The Conadria isn’t just another fig; it is a genetically engineered masterpiece designed specifically for climates like ours. Here at Exotic Fruits and Vegetables, we’ve found that understanding the specific lineage of your trees is the difference between a harvest you can sell and a harvest you feed to the pigs.
What Exactly is the Conadria?
The Conadria (Ficus carica) is a hybrid variety developed by Dr. Ira Condit at the University of California, Riverside, and released back in 1956. Even though it’s been around for nearly 70 years, it surprises me how many local growers overlook it for trendier varieties.

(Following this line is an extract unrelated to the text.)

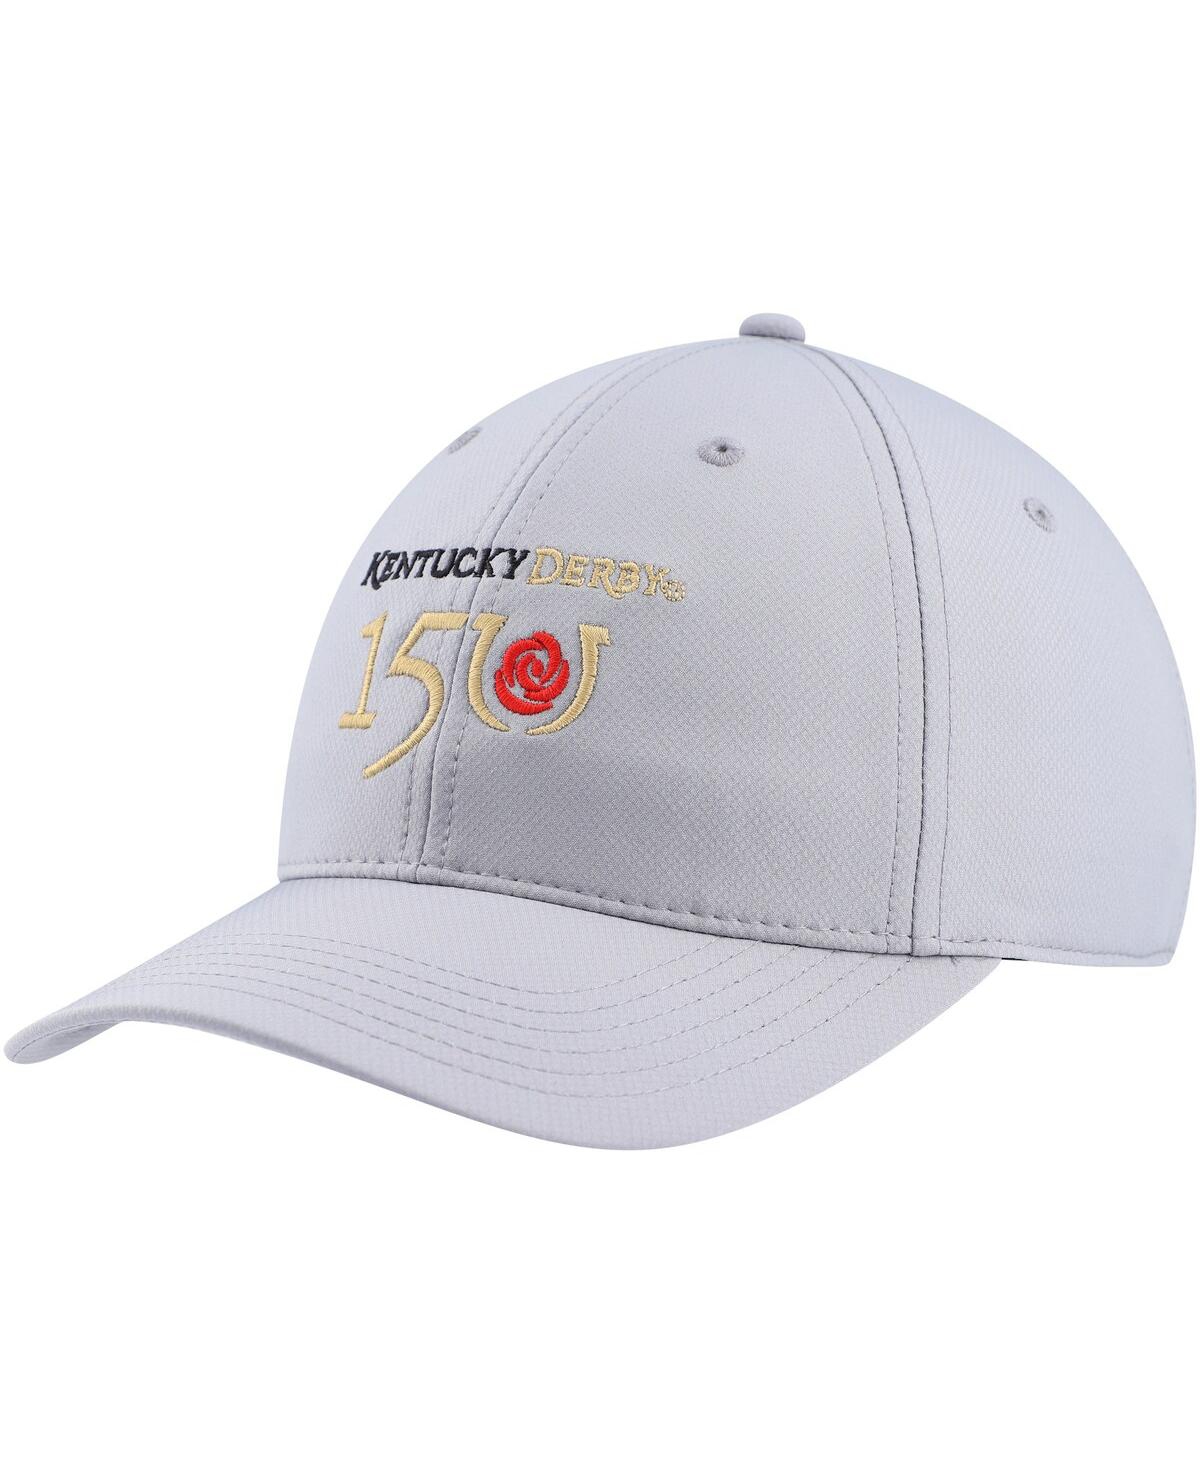 Men's Ahead Gray Kentucky Derby 150 Frio Adjustable Hat - Gray
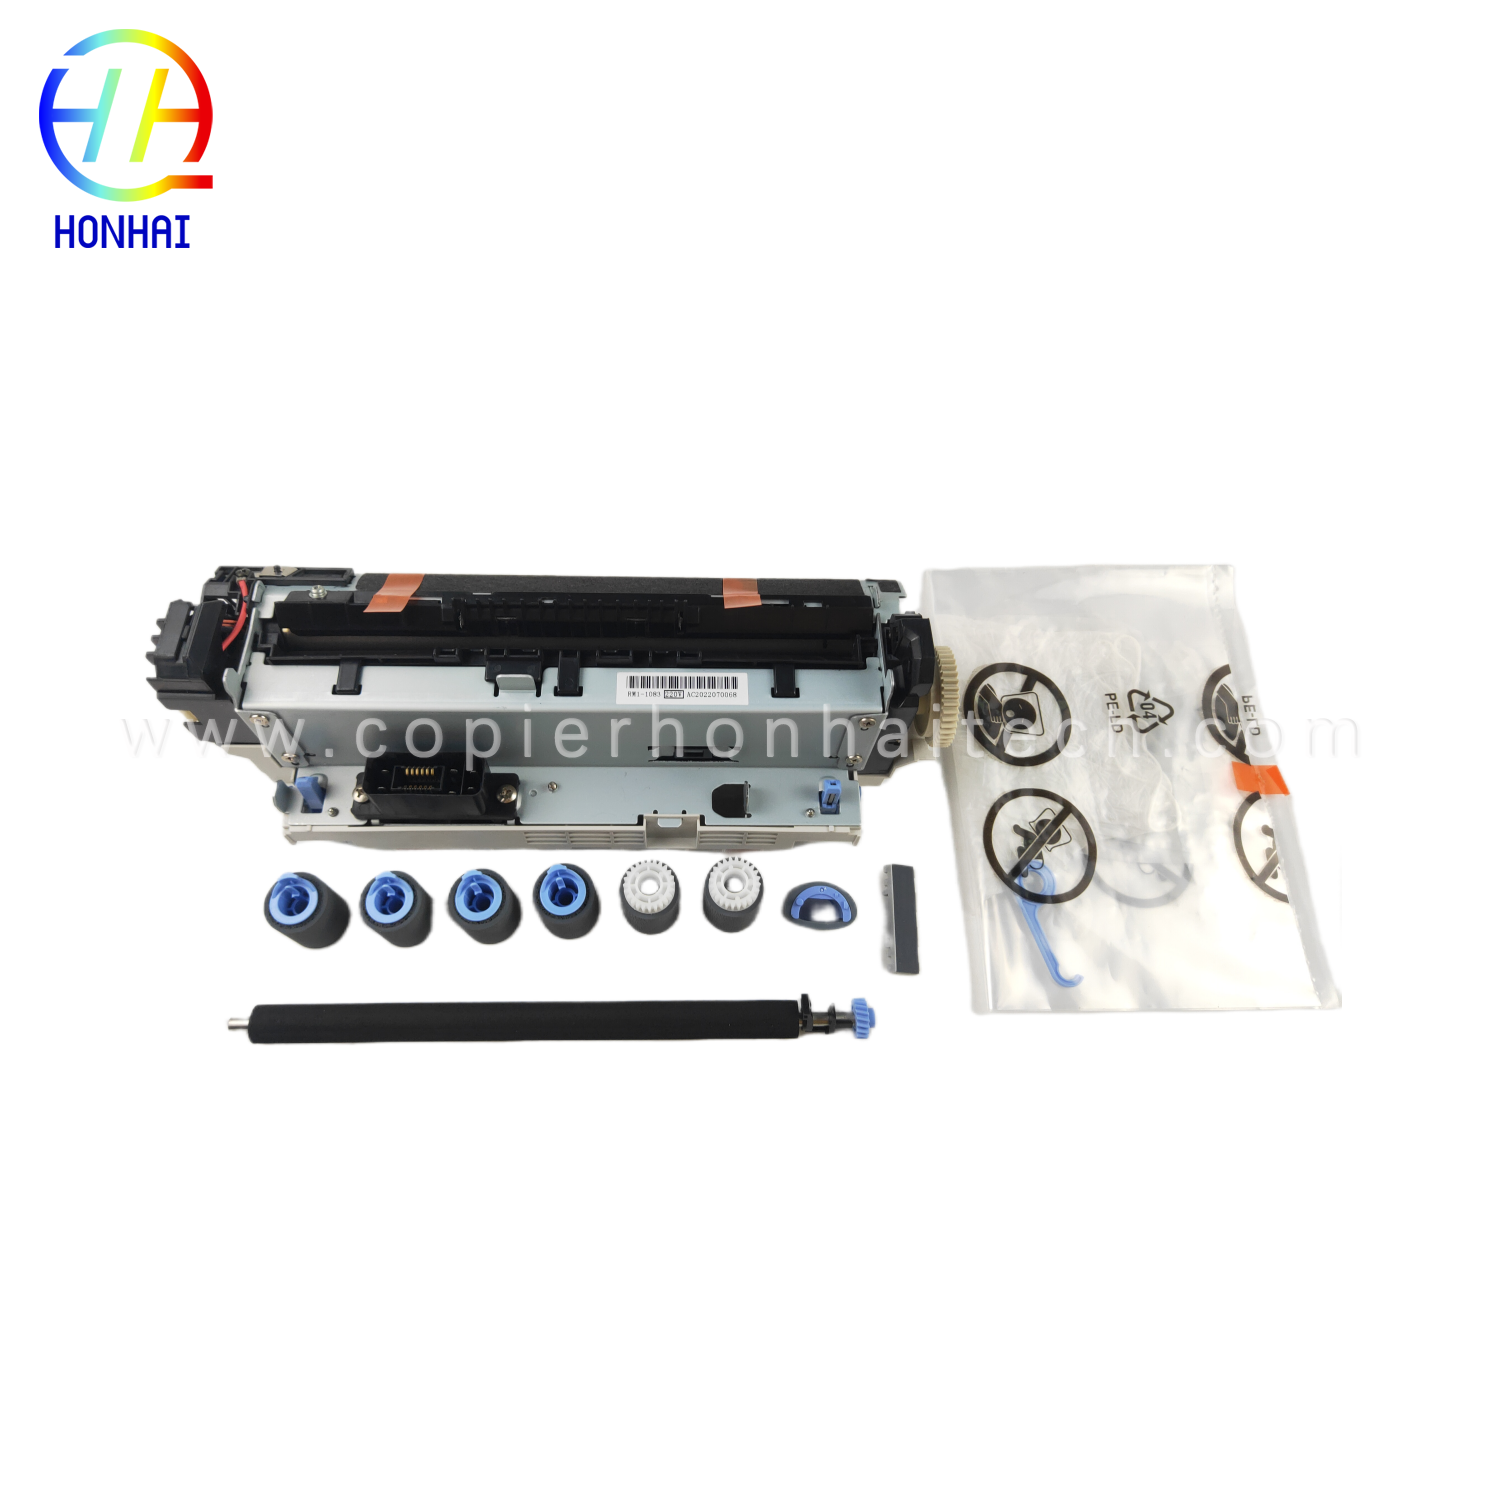 https://www.copierhonhaitech.com/maintenance-kit-220v-imported-brand-new-hp-laserjet-4250-4350-rm1-1083-000-product/

It is the first artificially hybridized fig, a cross between the Adriatic and the Capri fig.
The name “Conadria” is actually a portmanteau honoring its creator and parentage: Condit plus Adriatic.
Visually, this fruit is a stunner. It produces large, light-green to yellow fruit that sometimes blushes with a violet haze if the San Diego sun hits it just right. Inside, the flesh is a striking strawberry red. But the real magic isn’t the color; it’s the structural integrity. The Conadria features a “closed eye” (the ostiole at the bottom of the fruit).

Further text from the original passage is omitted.